Now, embodiments of the present invention will be described herein below with reference to the accompanying drawings. For the purposes of clarity and simplicity, well-known functions or constructions may not be described in detail as such well-known functions or constructions would obscure appreciation of the invention.

FIG. 2 is a side view of a backlight unit (BLU) 200 according to a first embodiment of the present invention. Referring to FIG. 2, the BLU 200 includes a reflecting panel 240, a light source 230, a light Guide Panel (LGP) 210, a diffusing panel 250, and a prism sheet 260. In the shown coordinates, a Z-axis is parallel to an illumination direction of the BLU 200 (in other words, parallel to a normal of an upper surface 214 of the LGP 210), an X-axis is parallel to a traveling direction of light output from the light source 230, and a Y-axis is parallel to a direction perpendicular to the X-axis and the Z-axis.

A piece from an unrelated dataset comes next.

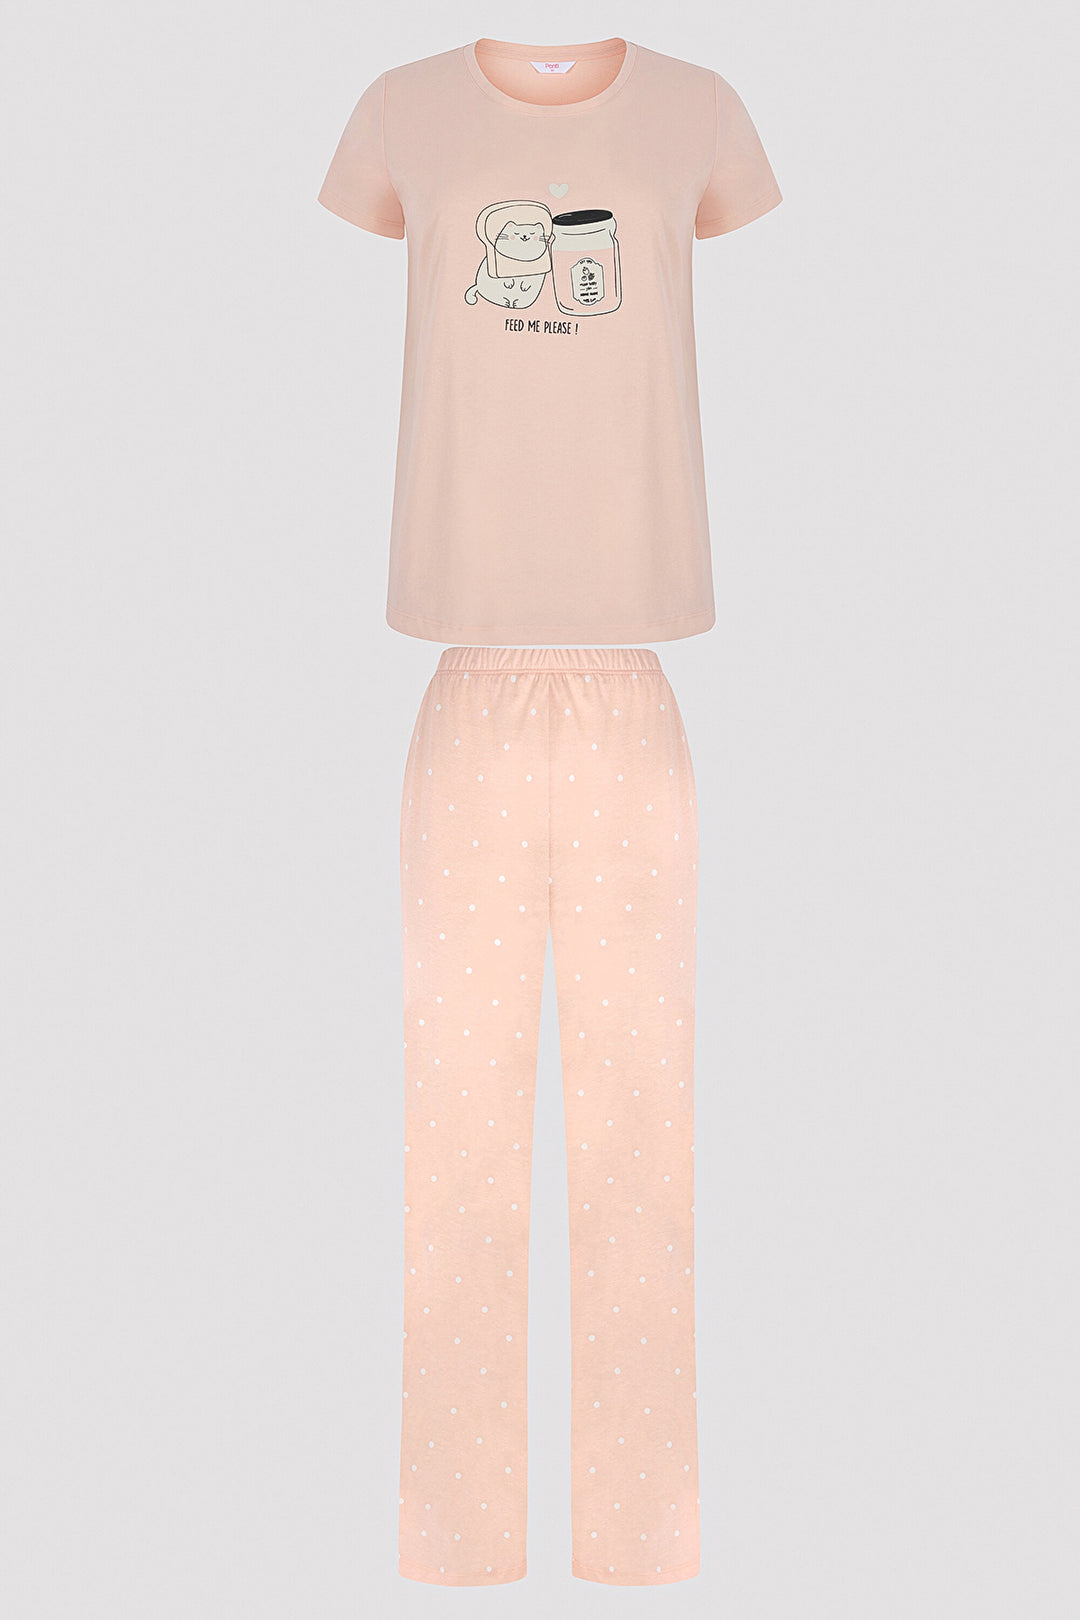 Happy Pink Pants Pajama Set

In the example shown in FIG. 2, the LGP 210 has an upper surface 214 and a lower surface 212 facing each other, and first and second sides 216 and 218 facing each other. The light source 230 is adjacent and faces the first side 216 of the LGP 210 and outputs light towards the first side 216. The light source 230 may include devices such as A Light Emitting Diode (LED), a Laser Diode (LD), a lamp, or the like. The LGP 210 waveguides the light input therein via the first side 216 towards the second side 218 by means of internal reflection between the upper surface 214 and the lower surface 212. The LGP 210 also has a plurality of dot patterns 220 arranged/formed on the lower surface 212. Each dot pattern 220 may include various edge patterns, such as a circle, an oval, a quadrangle, a lozenge, and so on, and can be formed in the form of an intaglio (in other words, a groove pattern, carve out, etc.) or embossing (in other words, a protrusion pattern). In addition, each dot pattern 220 may be individually formed in the protrusion pattern and attached to the lower surface 212 of the LGP 210. Each dot pattern 220 can be preferably implemented in the form of a semi-spherical groove. If necessary, each dot pattern 220 may be implemented by a diffused reflection pattern, such as a scratch.

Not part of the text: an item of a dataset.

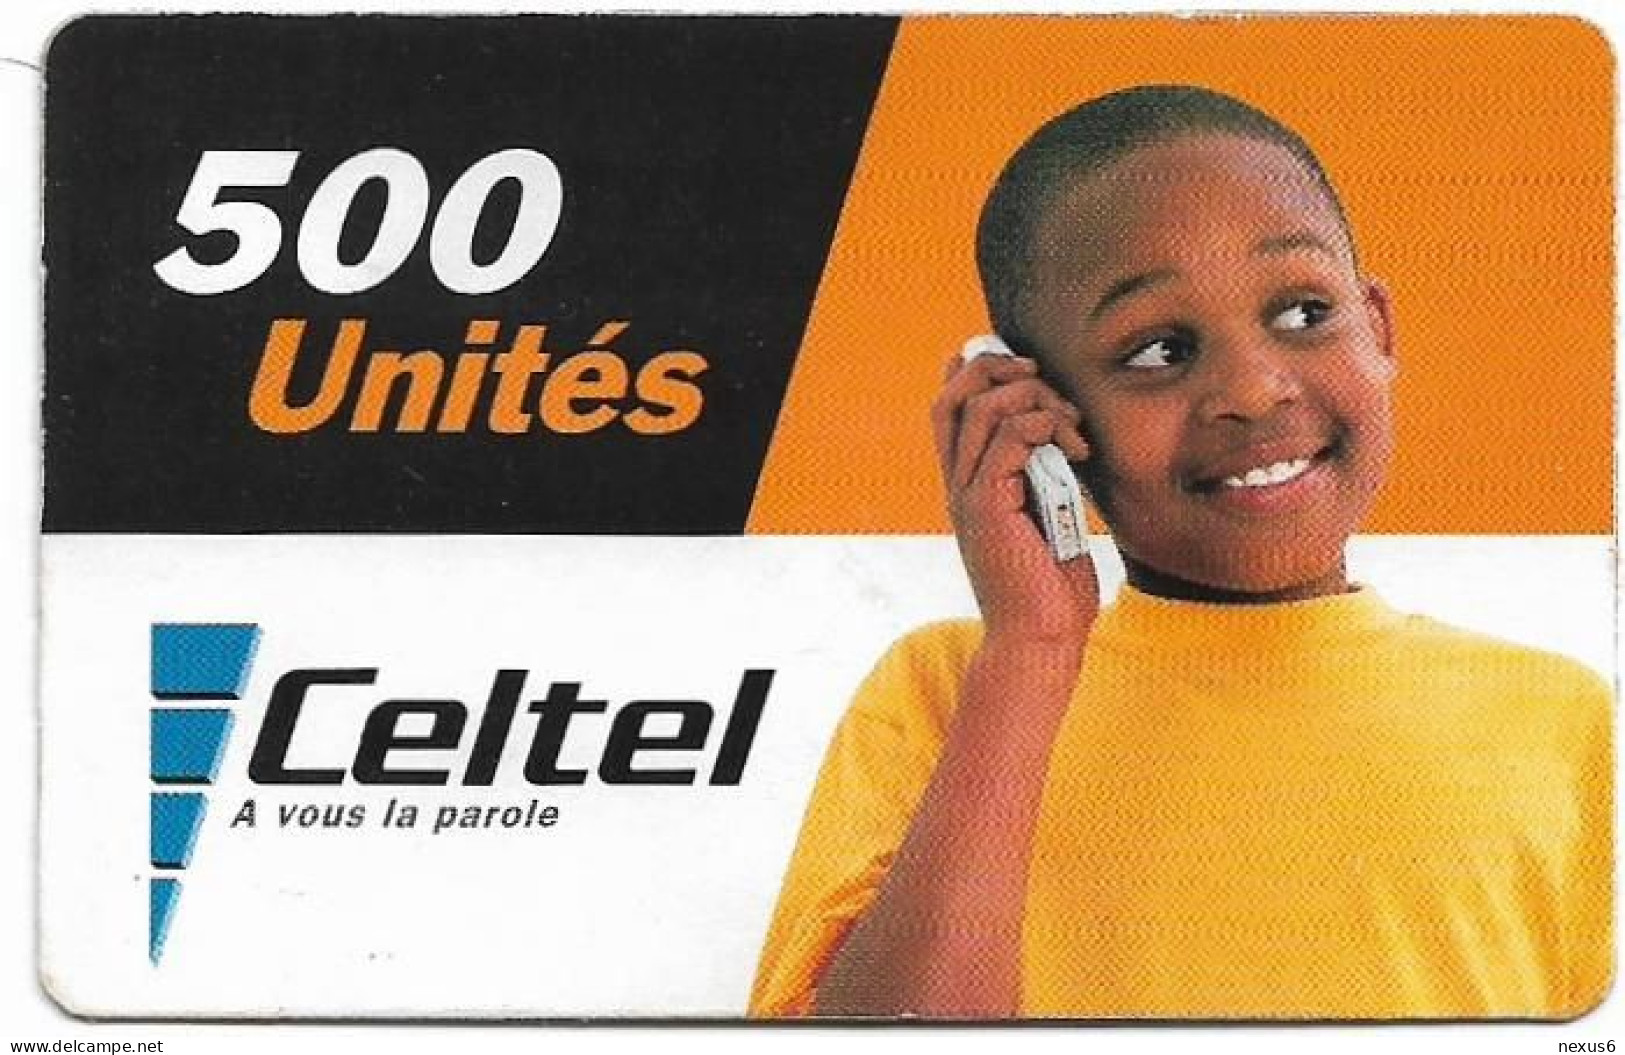 Congo Republic (Kinshasa) - Celtel - Young Boy At Phone (Reverse 1), Exp. 31.12.2004, GSM Refill 500Units, Used - Kongo

FIG. 3 shows cross-sectional views of an exemplary dot pattern having a circular edge. FIG. 3A shows a dot pattern 220a having a circular edge, which is engraved in intaglio on the lower surface 212 of the LGP 210, and FIG. 3B shows a dot pattern 220b having a circular edge, which is engraved in relief on the lower surface 212 of the LGP 210. A person of ordinary skill in the art understands and appreciates that the dot patterns shown in FIGS. 3A and 3B could be in the shape desired, included but not limited to the examples disclosed above.

Referring back to FIG. 2, each dot pattern 220 reflects and diffuses incident light. In other words, each dot pattern 220 destroys the total internal reflection condition on a boundary between the LGP 210 and an external air layer so that the light reflected and diffused by the dot pattern 220 is transmitted through the upper surface 214 of the LGP 210.

Since light in the LGP 210 is attenuated while traveling from the first side 216 adjacent to the light source 230 to the second side 218, a luminance distribution appearing on the upper surface 214 of the LGP 210 gradually decreases in a direction from the first side 216 to the second side 218. In order to solve this luminance non-uniformity, according to the present invention, the density of the dot patterns 220 can be gradually increased in the direction from the first side 216 to the second side 218. A density variation of the dot patterns 220 can be implemented by varying the number of dot patterns 220 or each size of the dot patterns 220, and the density of the dot patterns 220 can be defined as an area occupied by the dot patterns 220 per unit area.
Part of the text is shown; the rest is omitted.